Menopang Pemimpin dalam Doa - Mazmur 72:1-7

Saudaraku yang terkasih, seperti halnya dengan pemazmur. Kita menyadari bahwa seorang pemimpin idealnya dipenuhi hikmat dan hukum Allah untuk berlaku adil dan benar. Dengan kata lain, seorang permimpin diperingatkan untuk memiliki kesadaran bahwa kebijakan dan sistem yang dberlakukan dalam masa pemerintahannya haruslah bersumber dari Allah bukan dari diri sendiri. Namun peringatan tersebut tidak hanya berhenti pada para pemimpin saja, terhadap kita yang dipimpin juga Mazmur 71:1-7 menghibur dan mengajak kita yang apabila berkeinginan agar kebijakan-kebijakan pemerintah kita dapat berlaku adil dan benar. Maka setiap dari kita juga harus mau menopangnya, yakni selain mengambil bagian untuk menghormati dan mengikuti aturan yang berlaku. Kita yang dipimpin juga harusnya dapat mengambil waktu untuk menopangnya dalam doa. Dengan keyakinan dan harapan bahwa hanya hikmat dan keadilan Allah sajalah yang dapat membantu para pemimpin kita.

Namun menopang pemimpin dalam doa menjadi sulit bagi kita yang sudah terlanjur kalah dalam sikap menyalahkan dan rasa ketidakpuasan kepada kebijakan-kebijakan para pemimpin. Alhasil, realitanya bukan menopang malah menjadi pemberontak dan pengkritik yang kehilangan akal sehat.

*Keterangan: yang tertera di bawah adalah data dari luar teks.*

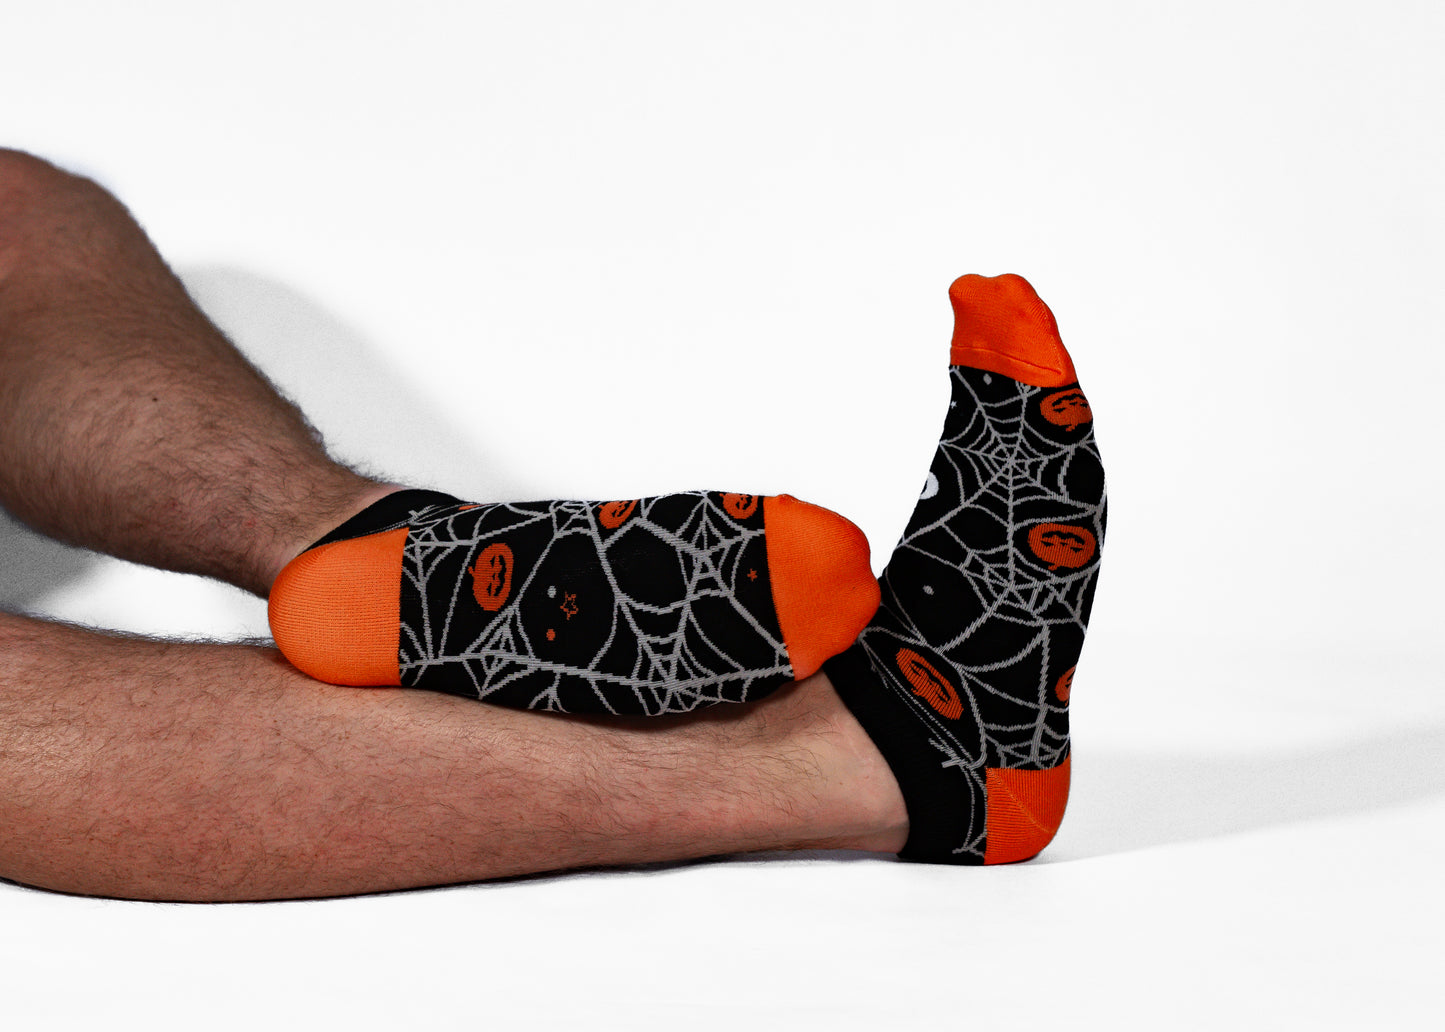 Halloween Ankle Socks
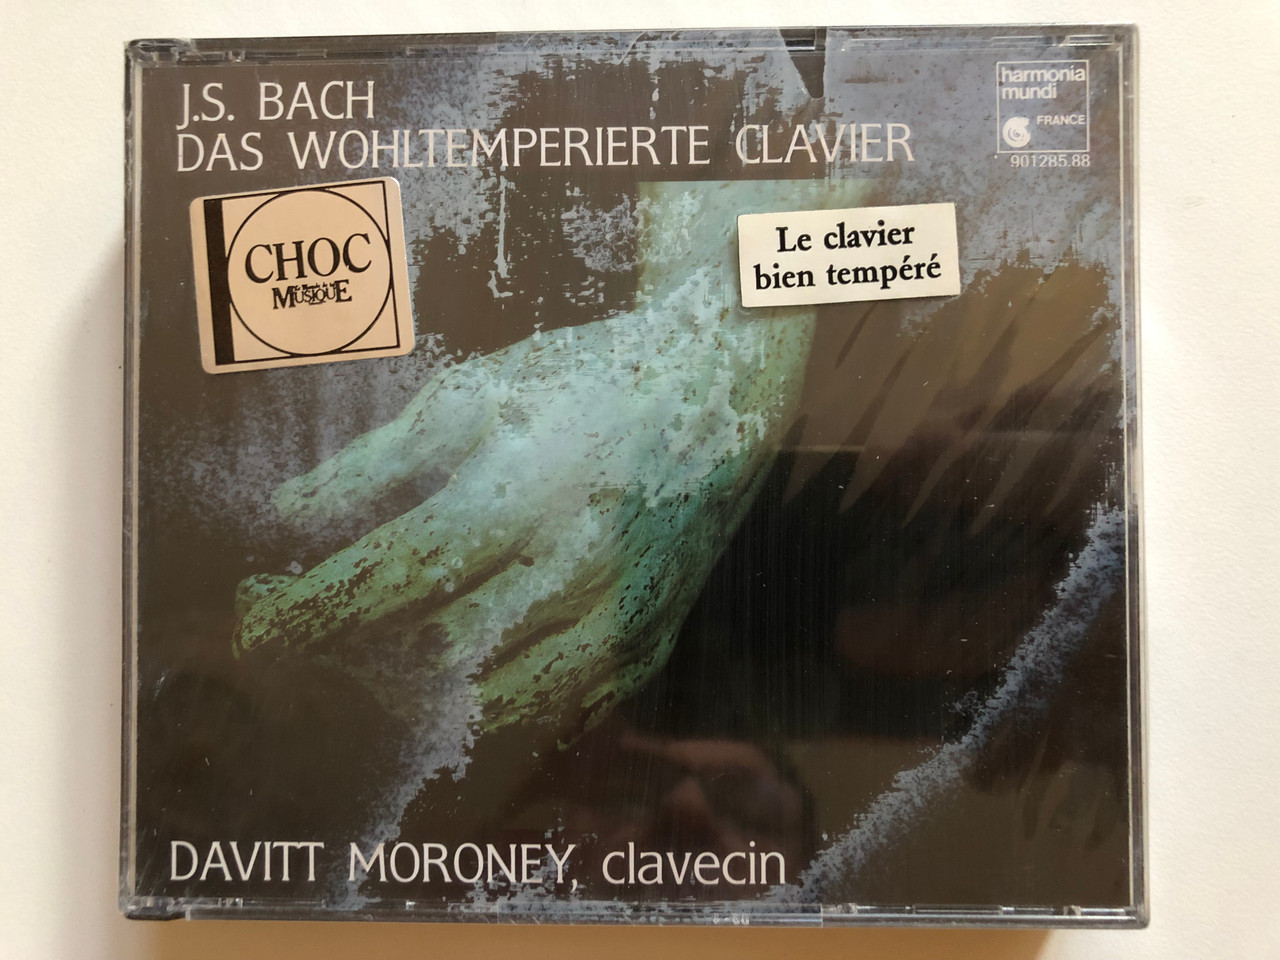 J. S. Bach - Das Wohltemperierte Clavier - Davitt Moroney (clavecin) /  Harmonia Mundi France 4x Audio CD 1988 / HMC 901285.88 - bibleinmylanguage

Sejujurnya kitapun menyadari, bahwa tanpa hikmat Allah menentukan dan melihat sebuah kebenaran ataupun keadilan itu bukanlah hal mudah. Bahkan untuk seorang hakim dalam sebuah pengadilan membutuhkan banyak pertimbangan untuk memutuskan hukum yang benar ataupun adil bagi terdakwa dan korban. Tapi, hal tersebut sering kali kita abaikan hanya sikap kita yang terlalu reaktif pada masalah dan anggapan diri bahwa memang tugas kitalah untuk memperlihatkan kepada pemimpin / orang lain bahwa pendapat, pernyataaan, dan sudut pandang mereka salah. Dan dengan berbuat begitu, orang yang kita koreksi itu akan menghargai atau, paling tidak akan belajar sesuatu dari kita. Padahal itulah yang akhirnya membuat kita sulit untuk menopang orang lain ataupun pemimpin kita dalam doa.

Bagaimana kalau memang, hidup ini tidak pernah adil? Kita atau siapapun yang memimpin tidak akan pernah menciptakan sebuah keadilan?

Salah satu kesalahan yang sering kita lakukan adalah merasa kasihan pada diri sendiri, atau pada orang lain, berpikir bahwa hidup ini seharusnya adil, atau suatu hari nanti hidup ini pasti adil. Sampai akhirnya bayangan-bayangan itu cenderung menghabiskan waktu kita untuk berkubang atau mengeluh tentang apa yang salah dengan kondisi ini. Itulah, kenapa timbul para pemberontak atau pengkritik yang kehilangan akal sehat. Sebab menyalahkan keadaan dan orang lain membutuhkan energi besar. Dan pola pikir tersebut justru dapat menghambat diri untuk berkembang, menciptakan stress dan penyakit.

Menyalahkan keadaan dan orang lain membuat kita tidak punya kekuatan atas hidup kita sendiri, karena kebahagian kita selalu digantungkan pada keadaan ataupun tindakan dan tingkah laku orang yang tidak bisa kita kontrol.

Fakta bahwa hidup ini tidak adil bukanlah berarti kita sebaiknya tidak mengerahkan kemampuan kita untuk memperbaiki kehidupan kita dan dunia ini pada umumnya. Justru fakta tersebutlah maka kitapun meminta hikmat dan pertolongan Tuhan untuk berkontribusi baik bagi diri sendiri dan lingkungan kita.

Sebab, bila kita benar-benar menyadari bahwa hidup ini tidak adil, kita seharusnya merasa peduli pada orang lain dan diri kita sendiri. Dan rasa peduli adalah emosi tulus yang mengirimkan kebaikan dengan penuh kasih untuk setiap orang yang disentuhnya, termasuk para pemimpin kita. Persis seperti bahan refleksi kita hari ini, kita diajak untuk berlaku ha serupa yakni menopang pemimpin dalam doa yang dibungkus oleh rasa kepedulian.